A child’s experiences play a highly influential role in the formation of his/her character. Children face a variety of challenges in their lives; some caused by larger environmental factors, while others might be caused by dysfunctional family structures. Children who suffer from child abuse and neglect because of their parents or different melancholic events: death, or accidents, may suffer from physical, psychological, and behavioral consequences. This often leads to psychological consequences such as depression, and failure to form new relations. Childhood trauma results from childhood suffering causing psychiatric disorders throughout adulthood, as victims of childhood trauma most probably avoid people, places, and events that trigger their suffering due to their fear, irritability, or mood changes. The Nobel Prize winner Toni Morrison (1931-2019) usually shows through her novels the psychological problems of children and their impact through adulthood. This thesis aims to investigate the impact of childhood trauma through a study of its causes, symptoms, and steps of recovery as they are explicitly represented in Toni Morrison’s novels: A Mercy (2008), and God Help the Child (2015).
Morrison’s two novels are selected because they both feature protagonists who struggle with childhood trauma and attempt to embark on a quest of healing and recovery through attaining self-realization. Each protagonist in the two narratives is given a different reason that underlies his/her childhood trauma. The parents of both protagonists, especially their mothers, are portrayed as the main reason of their offspring’s suffering. A Mercy explores the damaging impact of slavery on motherhood, while God Help the Child shows the drastic ramifications of racism on motherhood as well. In both novels, Morrison illustrates the dramatic impact of the trauma– inducing, toxic mothering that survives until adulthood. Slavery and racism are two major problems in the African-American society. Morrison deals with their noxious impact on both black and white people in her two books.
The thesis relies mainly on Judith Herman’s book Trauma and Recovery (1997). Throughout her book, Herman illustrates the impact of childhood suffering and trauma on adulthood. Herman elucidates the stages of recovery that help the traumatized individual to cope with his/her suffering. She states that voicing childhood trauma is the main reason that leads to healing and inner peace. Victims of childhood trauma have been (re)presented in many literary works, which shed light on their suffering and their attempts at healing.
The body of the work is divided into three chapters. Chapter One gives background information on trauma theory followed by the steps of achieving self-realization and recovery in alignment with Judith Herman’s relevant scholarly insights into these processes.
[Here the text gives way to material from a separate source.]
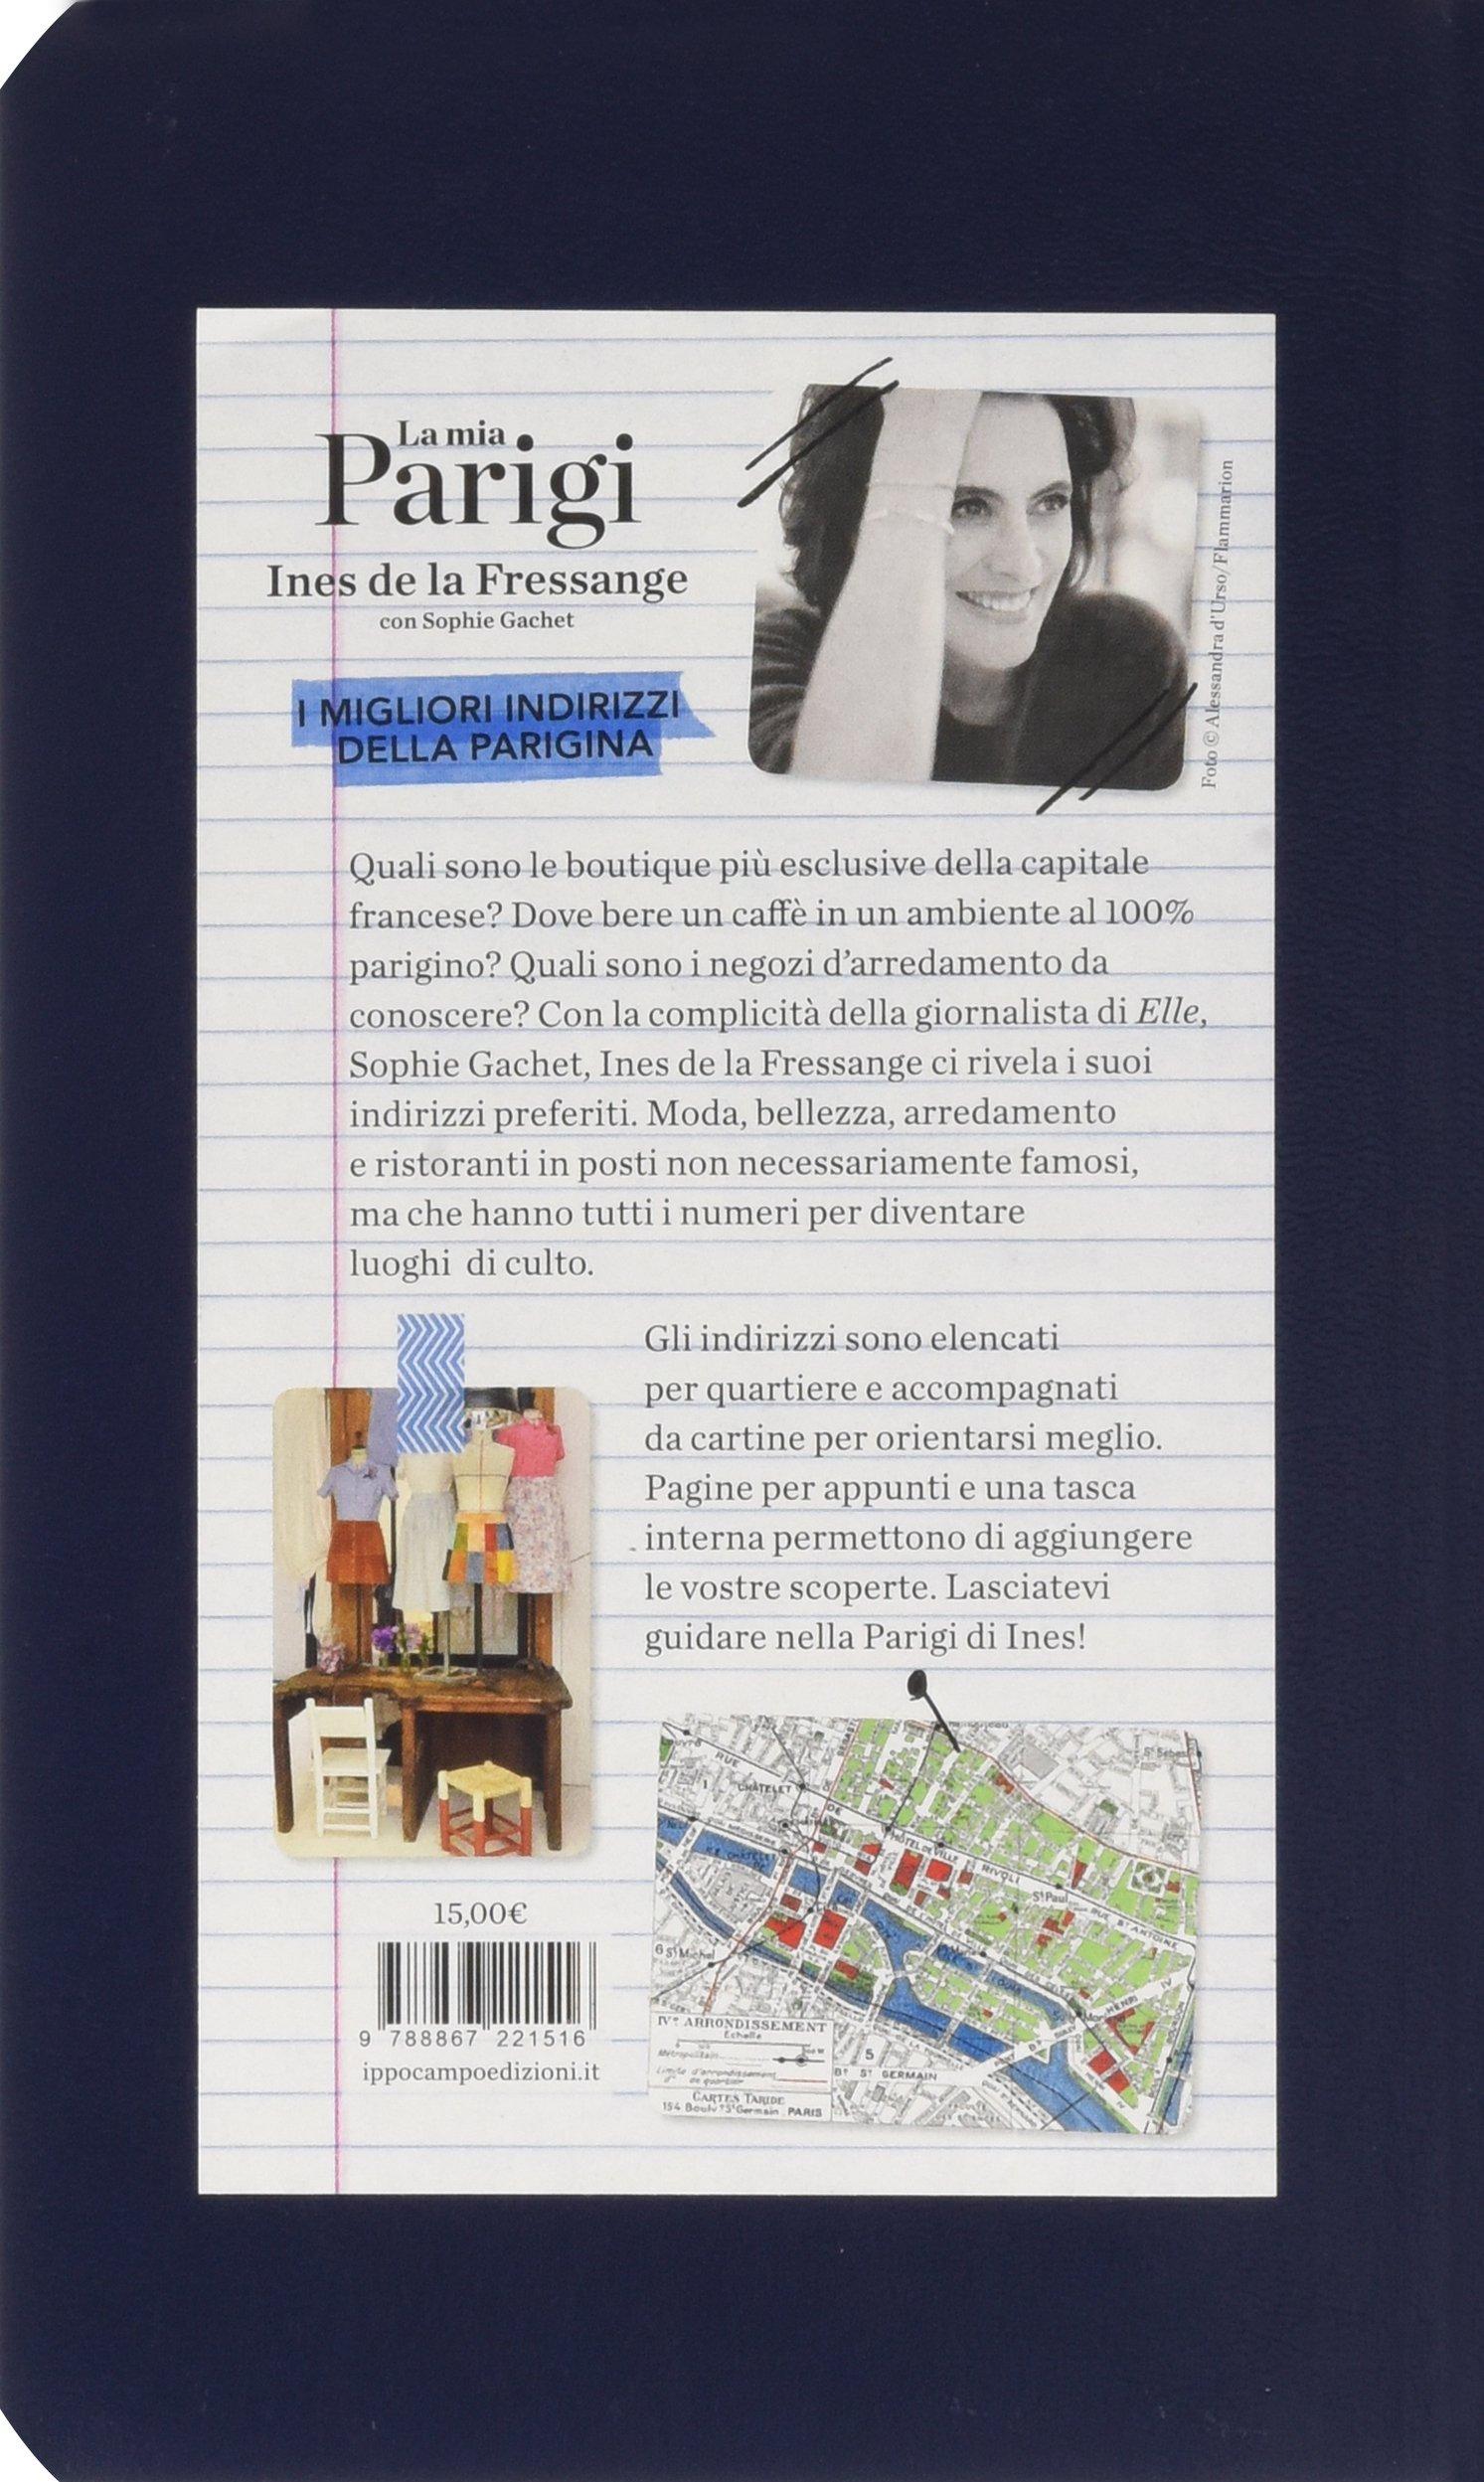 Cartina Parigi Con Quartieri.La Mia Parigi Con Cartina Gachet Sophie La Fressange Ines De 9788867221516 Amazon Com Books

Chapter Two analyses Morrison’s AMercy focusing on the symptoms of childhood trauma that the protagonists suffer from reflecting the problems of pre-Revolutionary American society in the 17th century. Chapter Three deals with the main character’s journey from childhood trauma to recovery in God Help the Child.
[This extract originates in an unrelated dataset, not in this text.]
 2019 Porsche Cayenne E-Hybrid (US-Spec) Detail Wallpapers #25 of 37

This study reveals the psychological impact of childhood trauma on a person’s adult life as depicted in contemporary fiction. Consequently, the study grapples with different etiologies, prognoses, and presentations of childhood trauma. The study also outlines the steps trauma survivors need to do to attain self-realization and achieve full recovery through presenting the concept of the ‘quest for self-realization’, while assessing to which extent Morrison has succeeded in setting her characters on this path. In both narratives, Morrison gives hope to survivors of childhood trauma through paving the way to her characters to heal, attain self-realization, and recover.
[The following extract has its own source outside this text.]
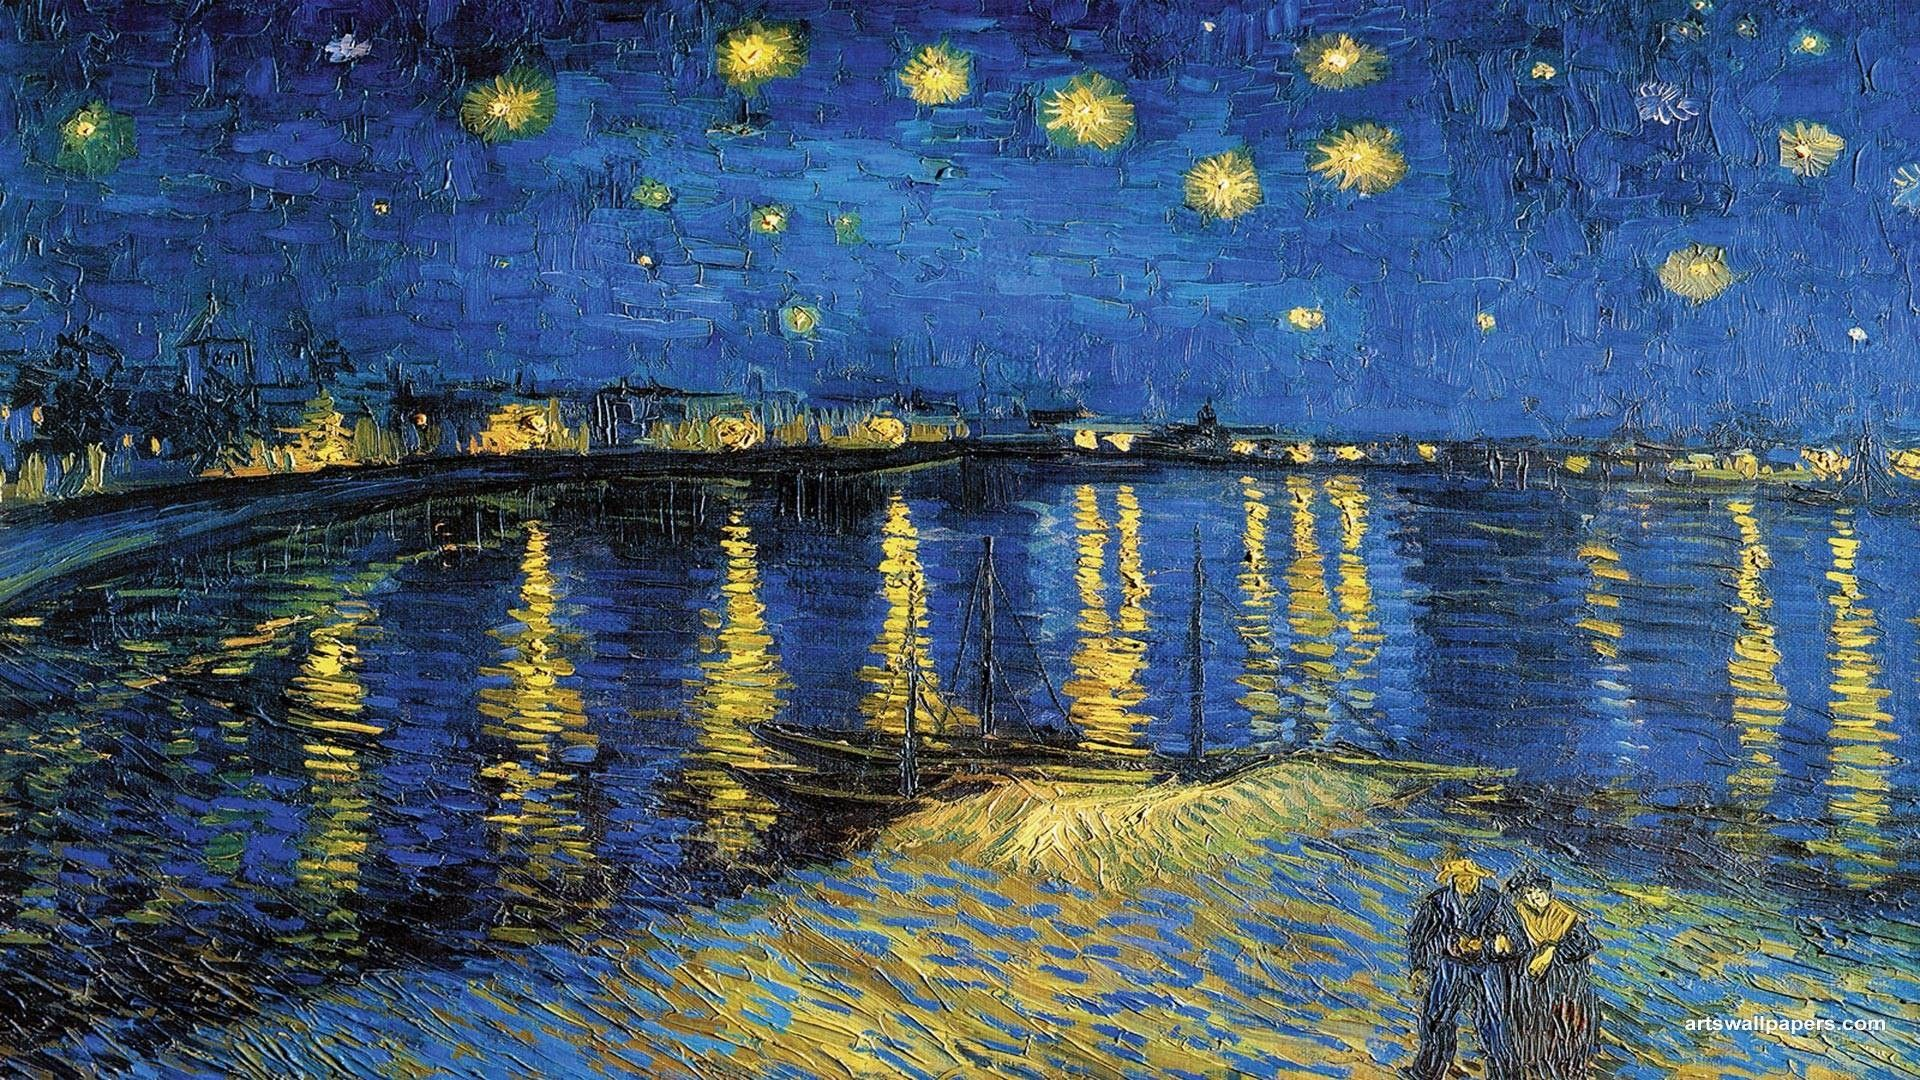 Wallpapers Starry Night Vincent Van Gogh Over The Rhone Wallpaper 1920x1080 Starry Night Van Gogh Van Gogh Wallpaper Van Gogh Paintings

In conclusion, Morrison elucidates how a child’s exposure to traumatic experiences has a dramatic impact into adulthood, which reveals itself in emotional, social and behavioral problems. Morrison’s portrayal of her characters in A Mercy, and God Help the Child allows her to represent the impact of childhood trauma and the means for overcoming it. Hence, Morrison’s novels take the readers into journeys from self-hatred caused by trauma to self-acceptance on account of healing.